*** Block opens ***

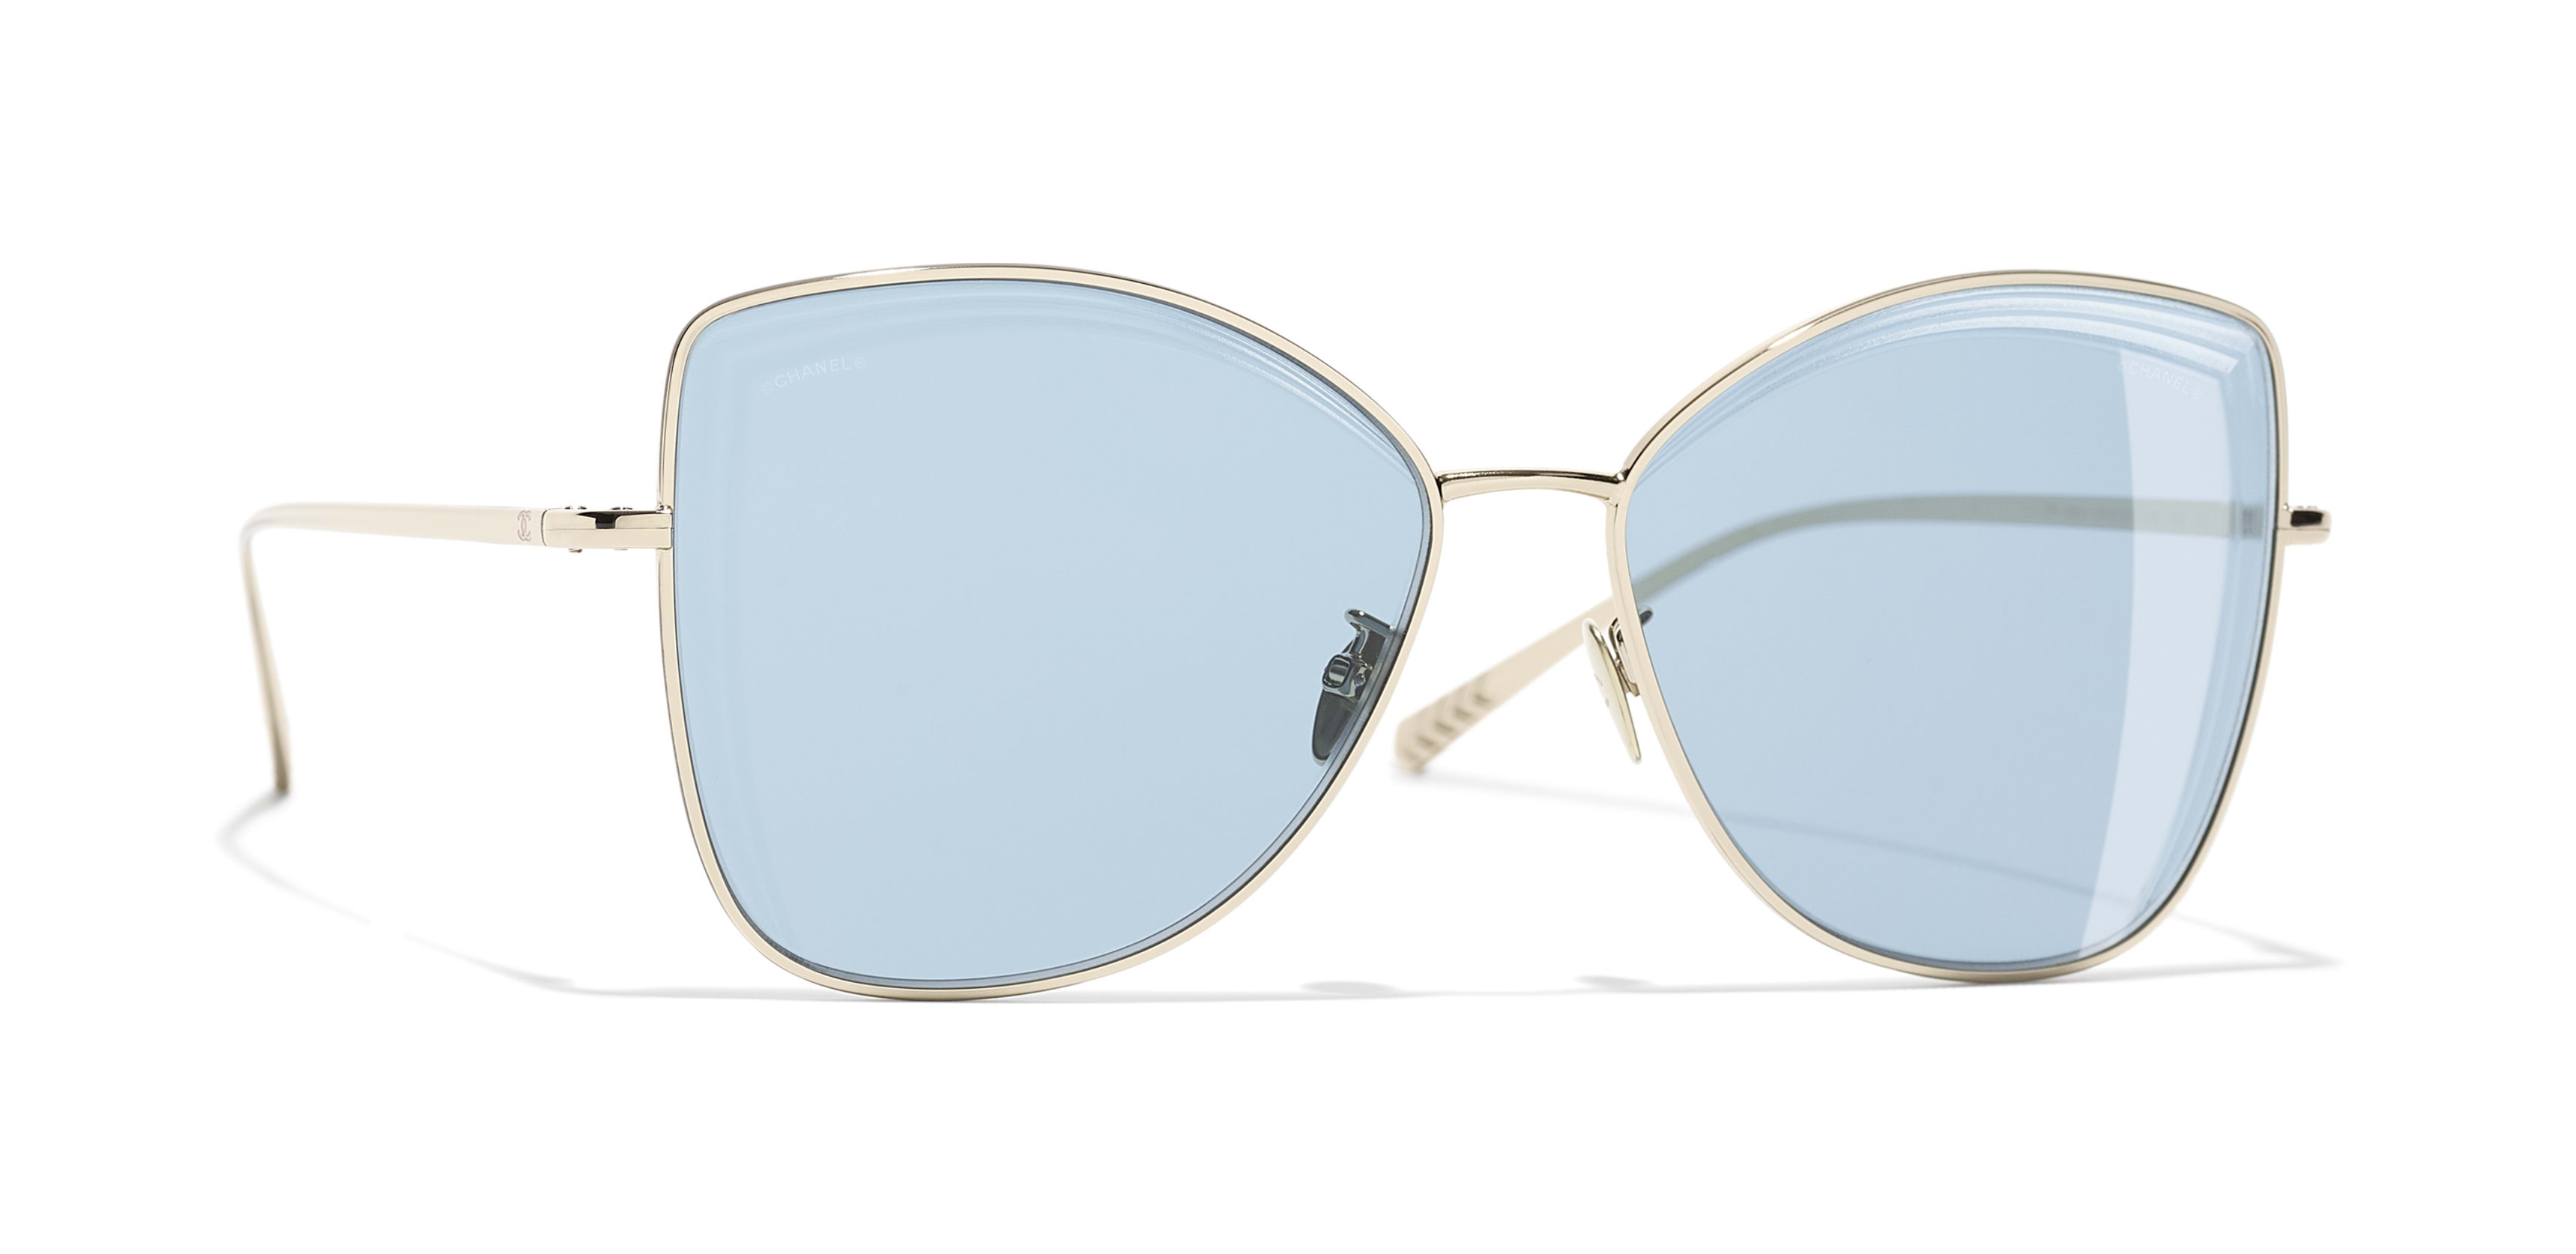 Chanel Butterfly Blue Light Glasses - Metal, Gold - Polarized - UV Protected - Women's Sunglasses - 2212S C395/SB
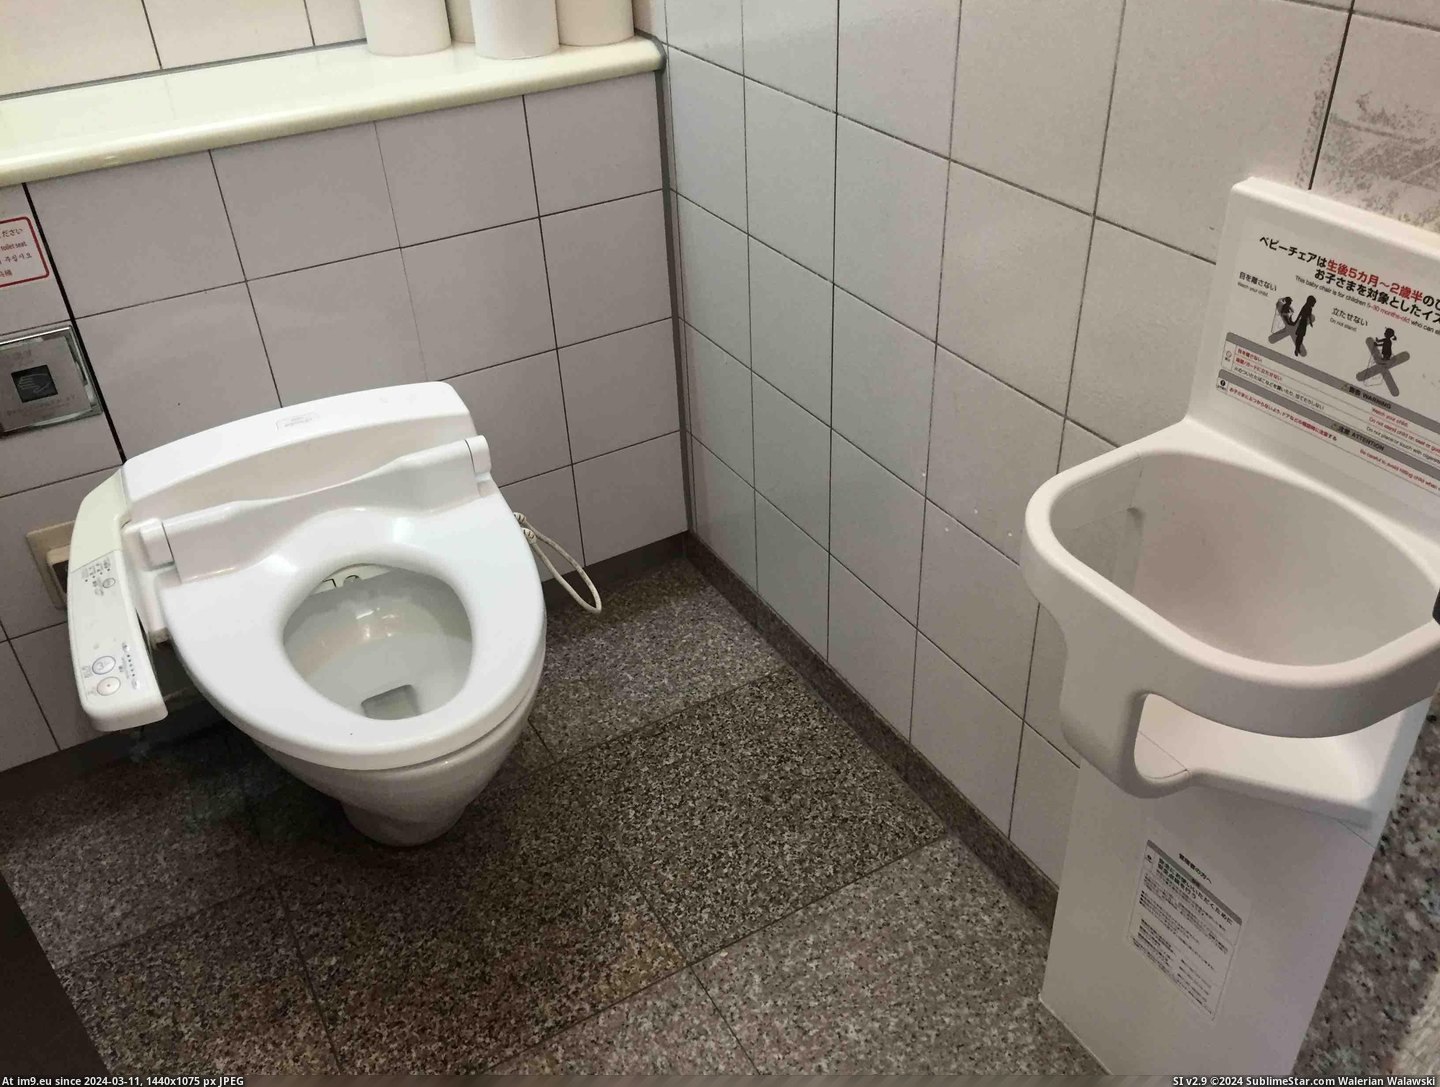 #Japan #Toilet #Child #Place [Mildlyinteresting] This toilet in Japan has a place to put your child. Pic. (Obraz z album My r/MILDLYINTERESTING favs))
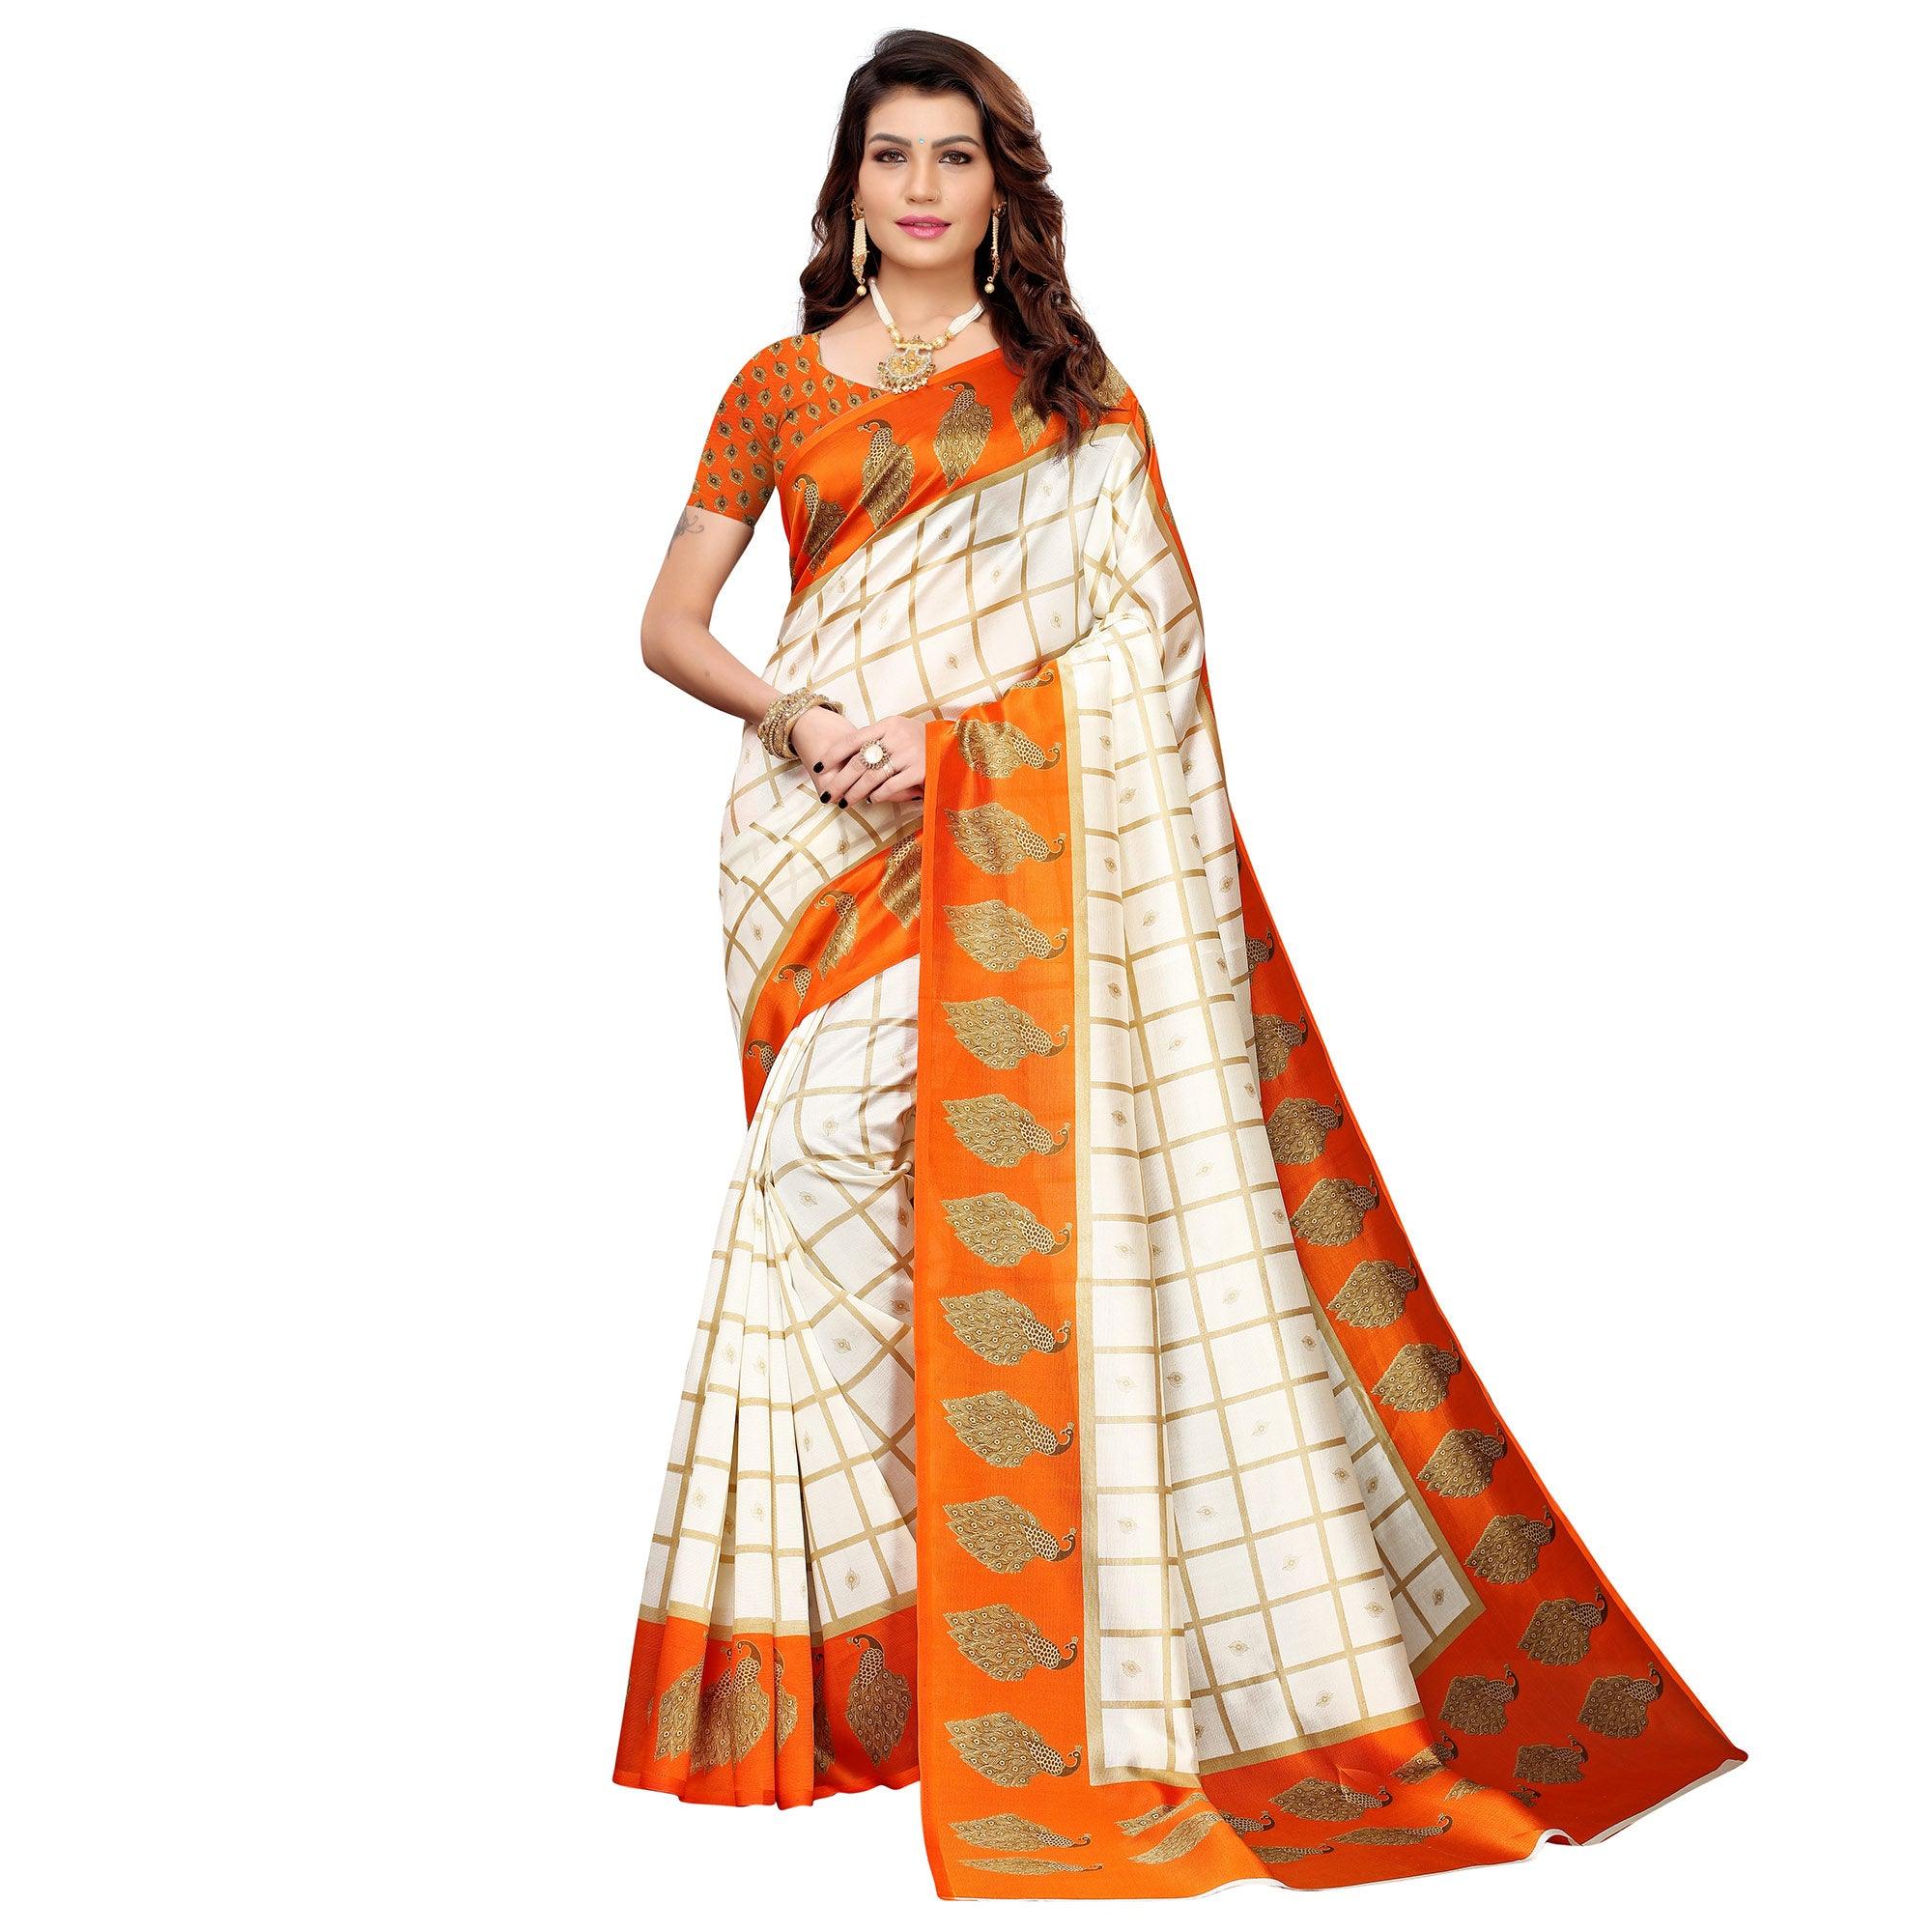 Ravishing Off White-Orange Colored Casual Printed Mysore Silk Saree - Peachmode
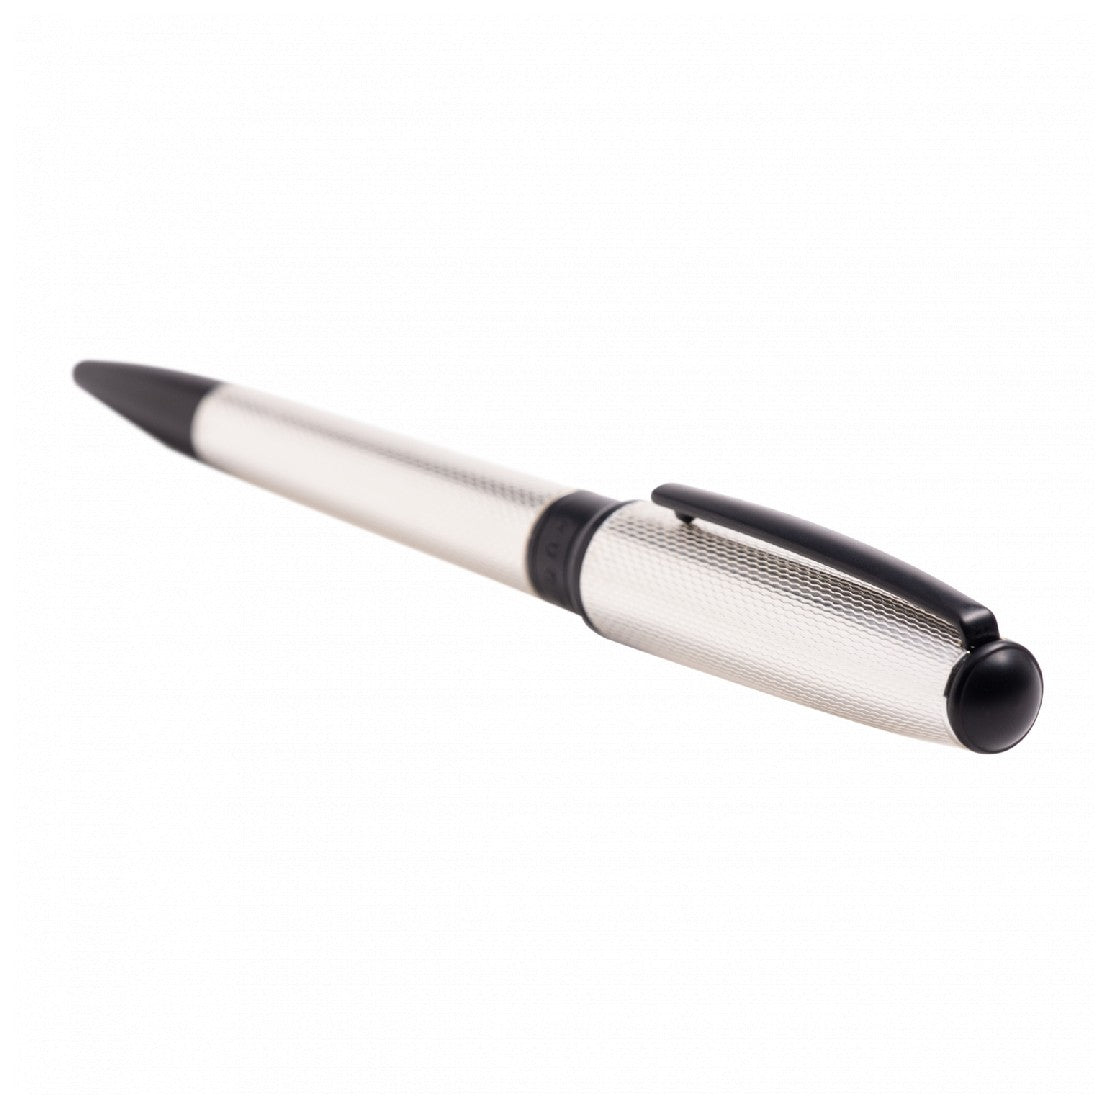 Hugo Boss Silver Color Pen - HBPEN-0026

*** Block closes ***

**Directions**
Copy all the data exactly as written, but skip any picture.

**Finished task**
 Chanel Butterfly Blue Light Glasses - Metal, Gold - Polarized - UV Protected - Women's Sunglasses - 2212S C395/SB
 #Japan #Toilet #Child #Place [Mildlyinteresting] This toilet in Japan has a place to put your child. Pic. (Obraz z album My r/MILDLYINTERESTING favs))
 Ravishing Off White-Orange Colored Casual Printed Mysore Silk Saree - Peachmode
 Hugo Boss Silver Color Pen - HBPEN-0026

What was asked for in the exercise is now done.